PROBLEM DESCRIPTION:
Make an exact copy of the data below, leaving out every picture.

DATASET EXTRACT:
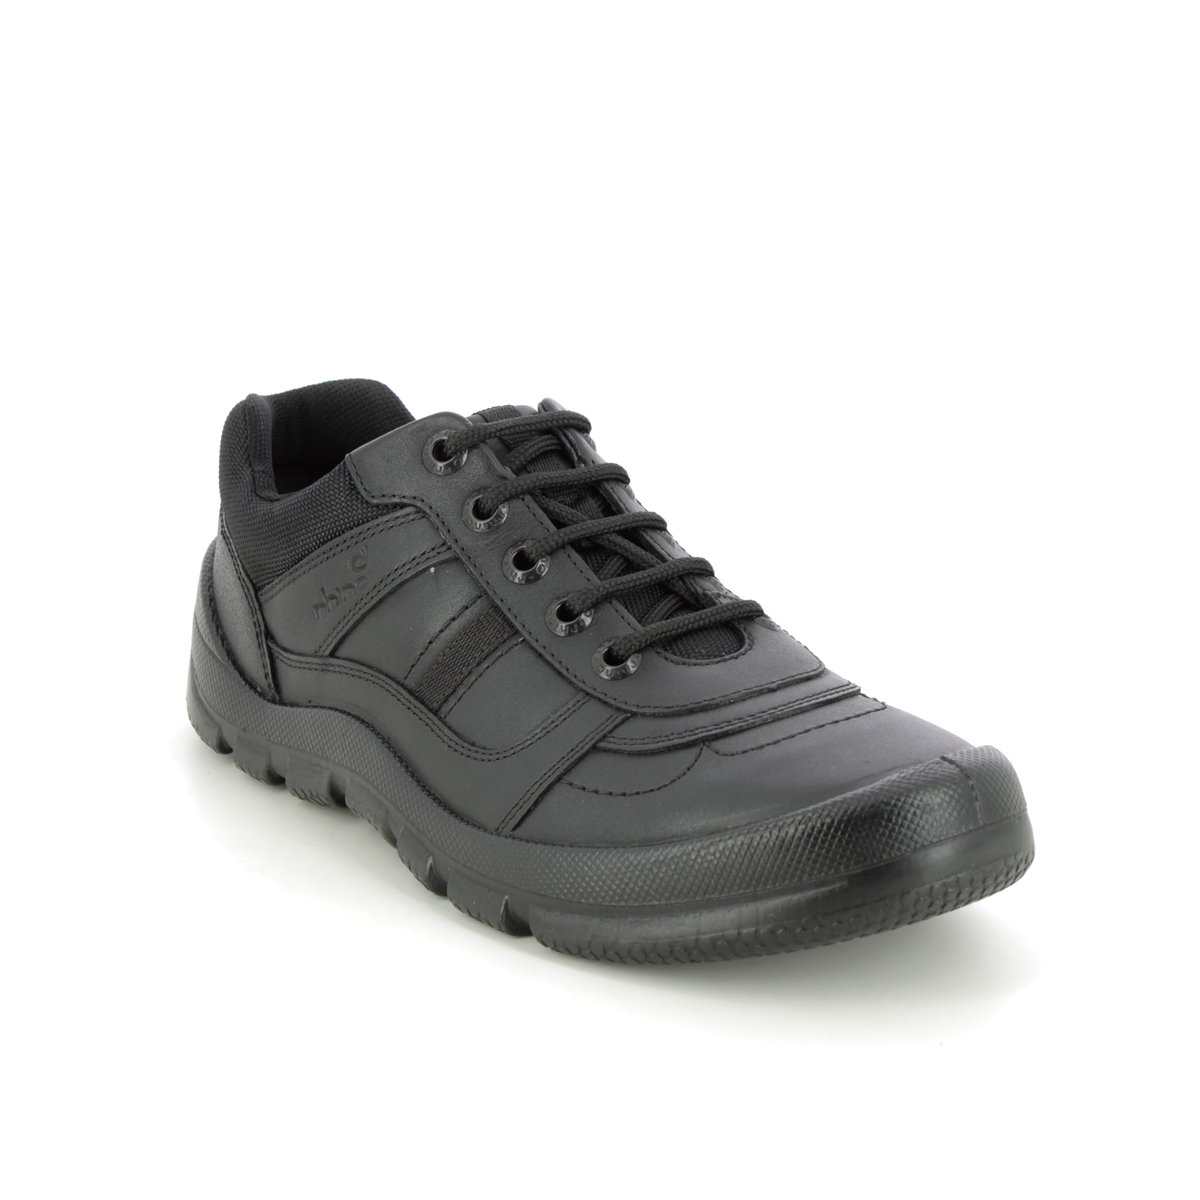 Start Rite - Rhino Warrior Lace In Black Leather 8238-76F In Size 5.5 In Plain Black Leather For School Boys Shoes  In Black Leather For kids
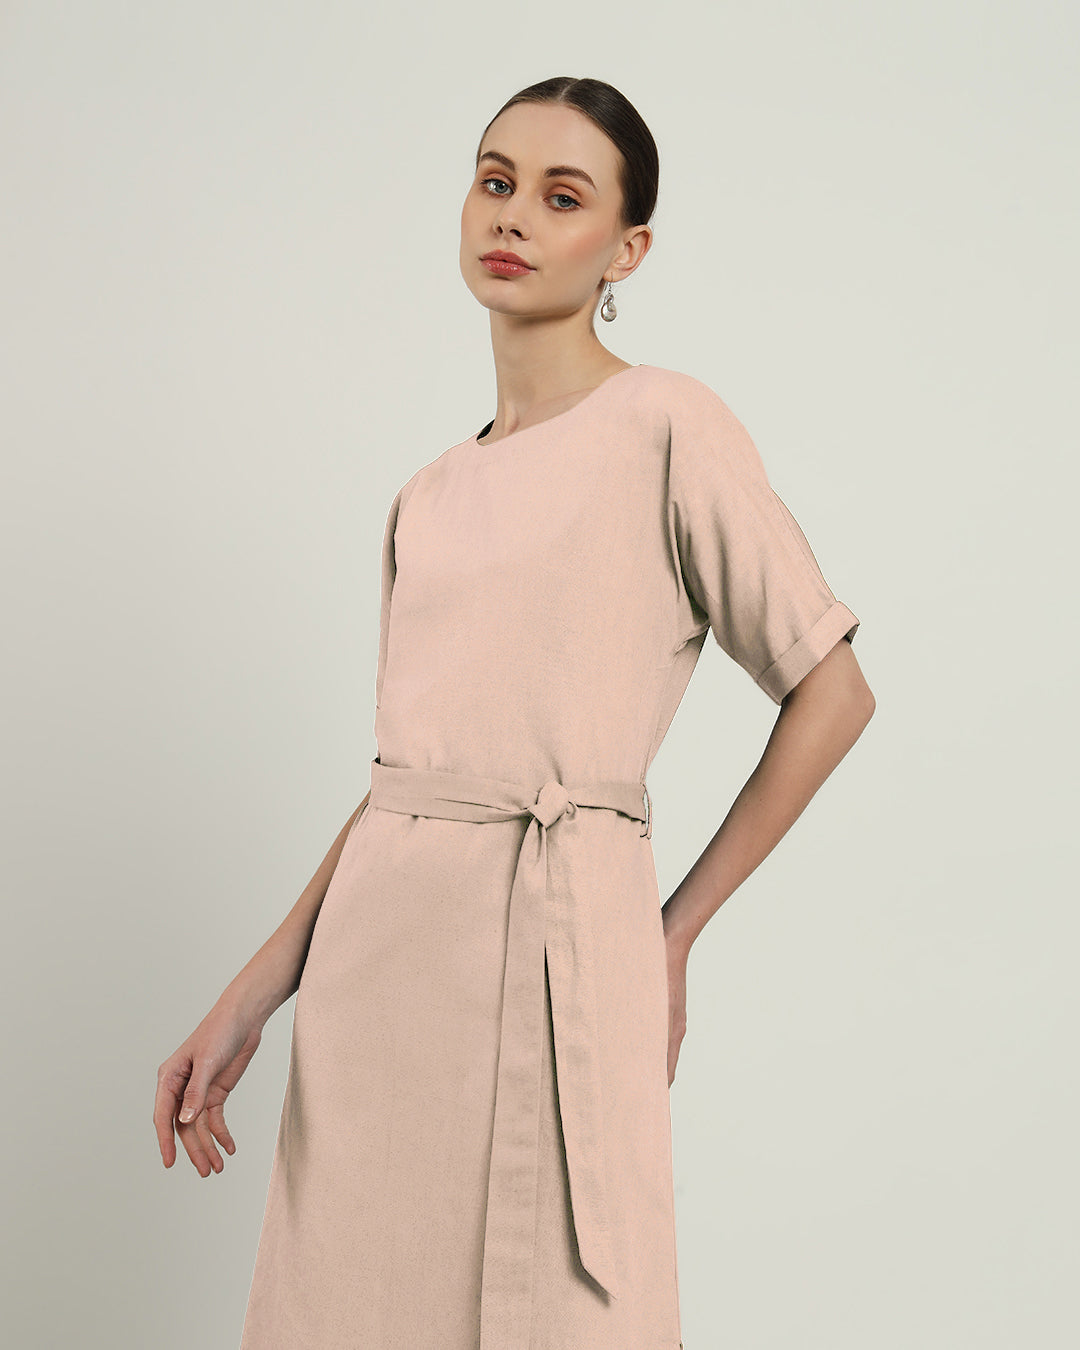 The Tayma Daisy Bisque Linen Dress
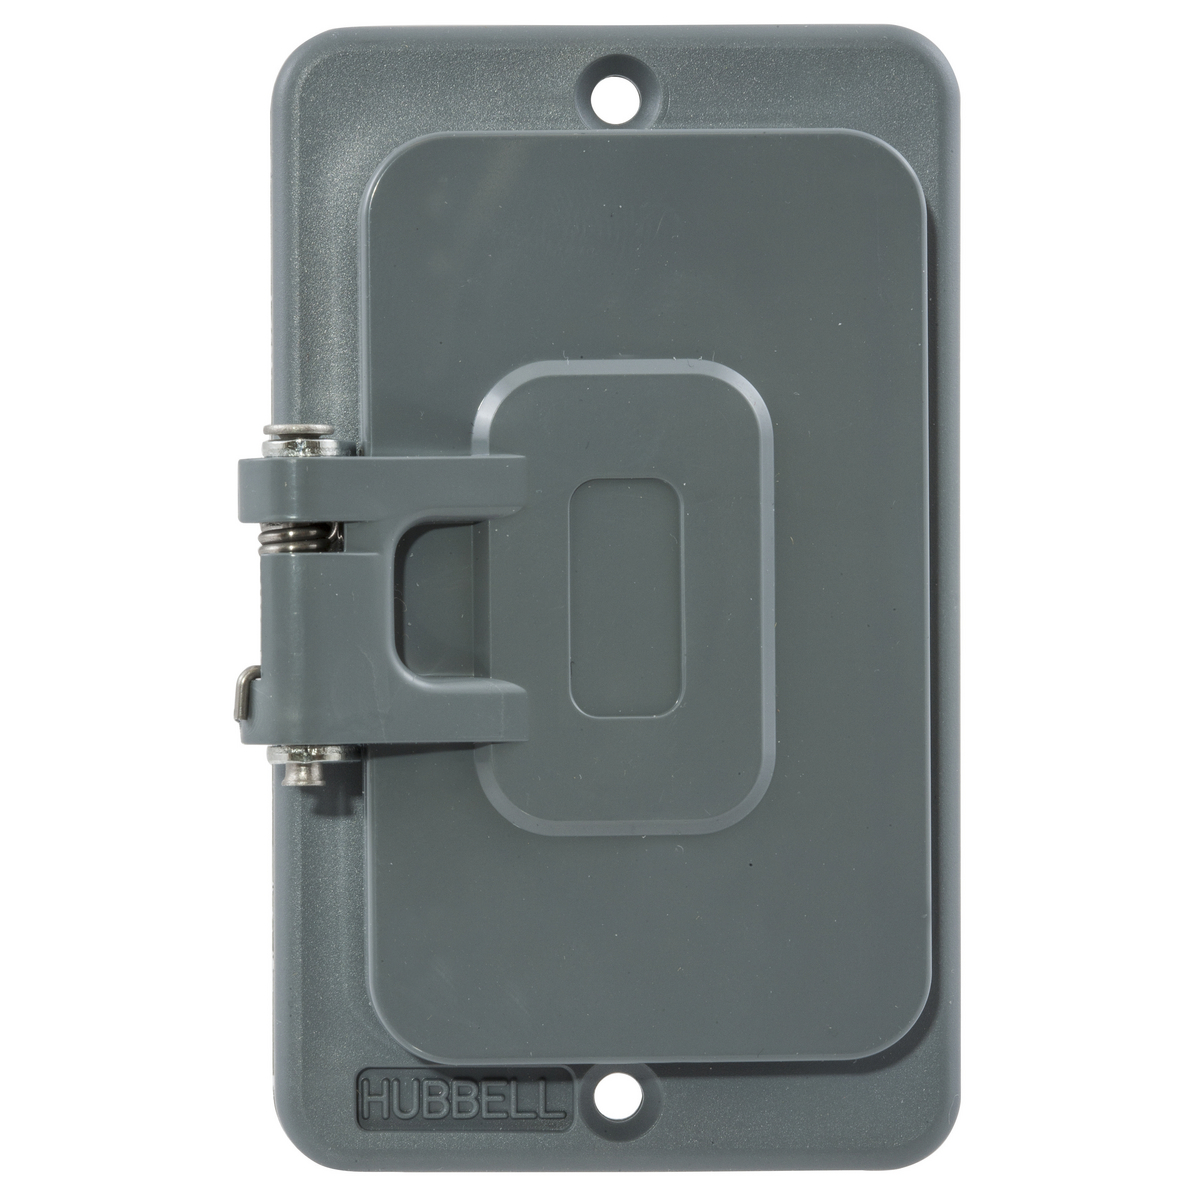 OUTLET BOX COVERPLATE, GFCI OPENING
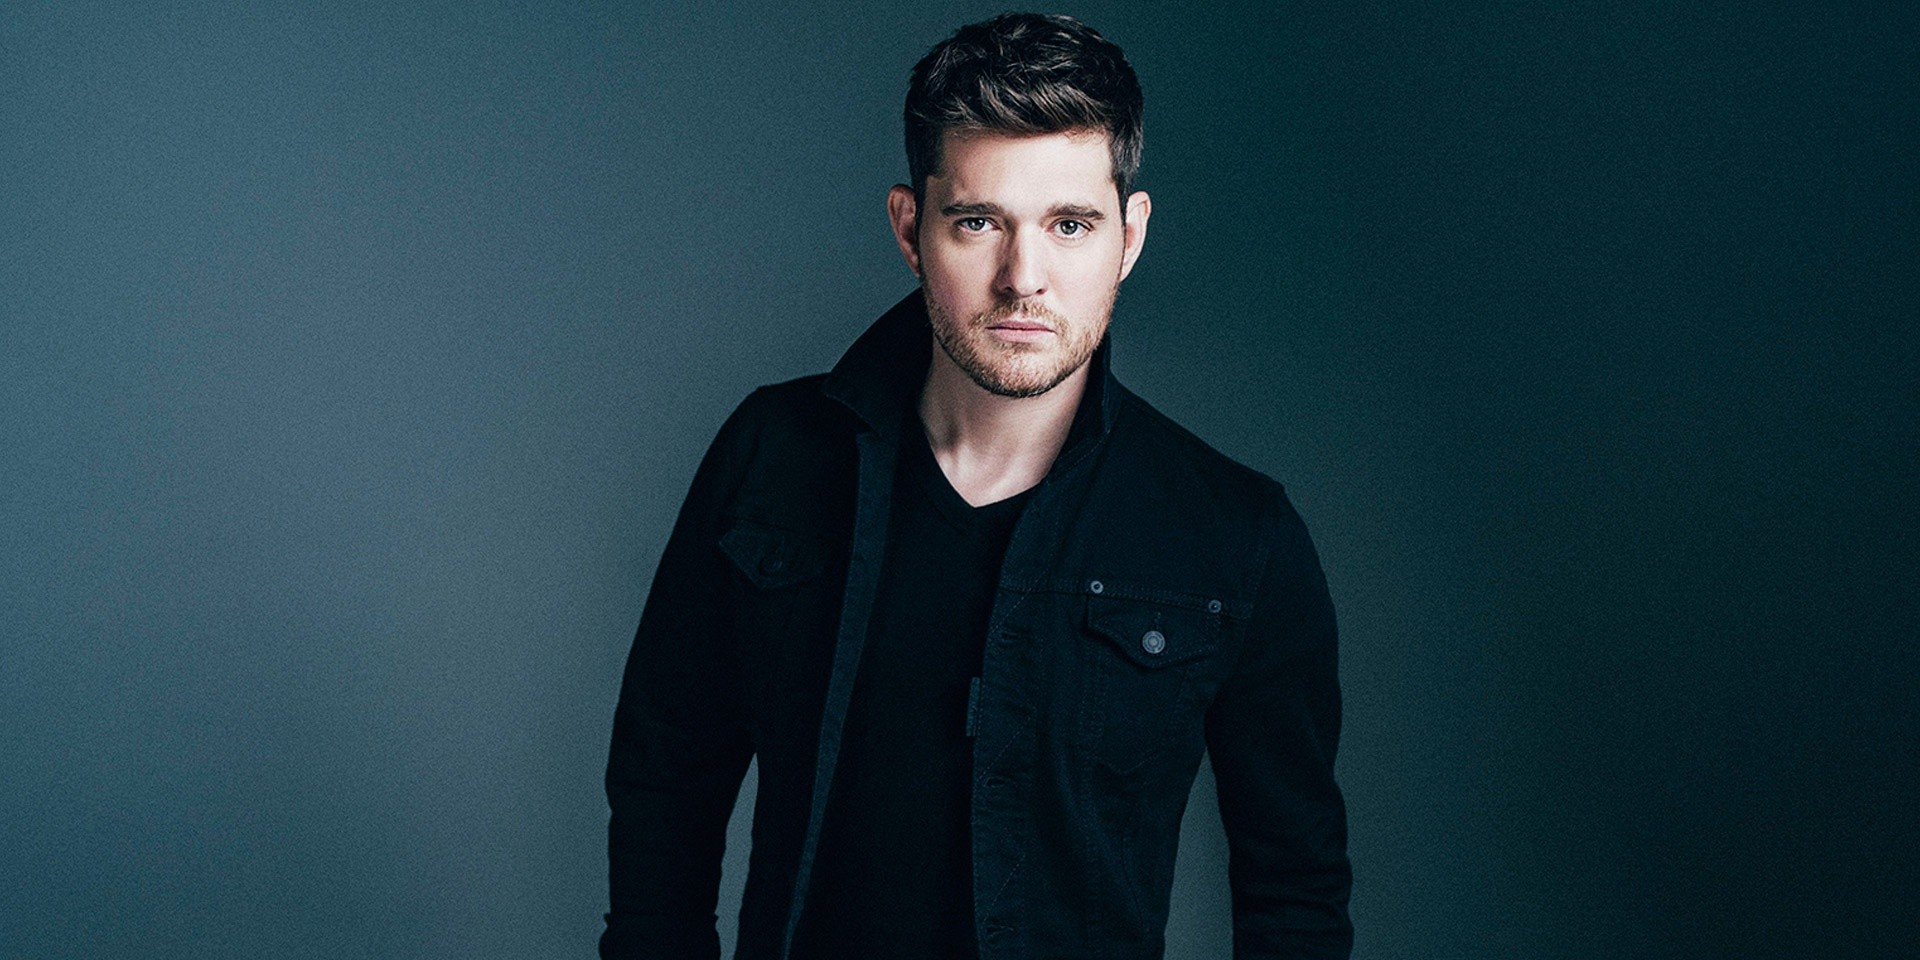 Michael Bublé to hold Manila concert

RESULT FOR THIS EXERCISE:
 Start Rite - Rhino Warrior Lace In Black Leather 8238-76F In Size 5.5 In Plain Black Leather For School Boys Shoes  In Black Leather For kids
 The Tayma Daisy Bisque Linen Dress
 OUTLET BOX COVERPLATE, GFCI OPENING
 Michael Bublé to hold Manila concert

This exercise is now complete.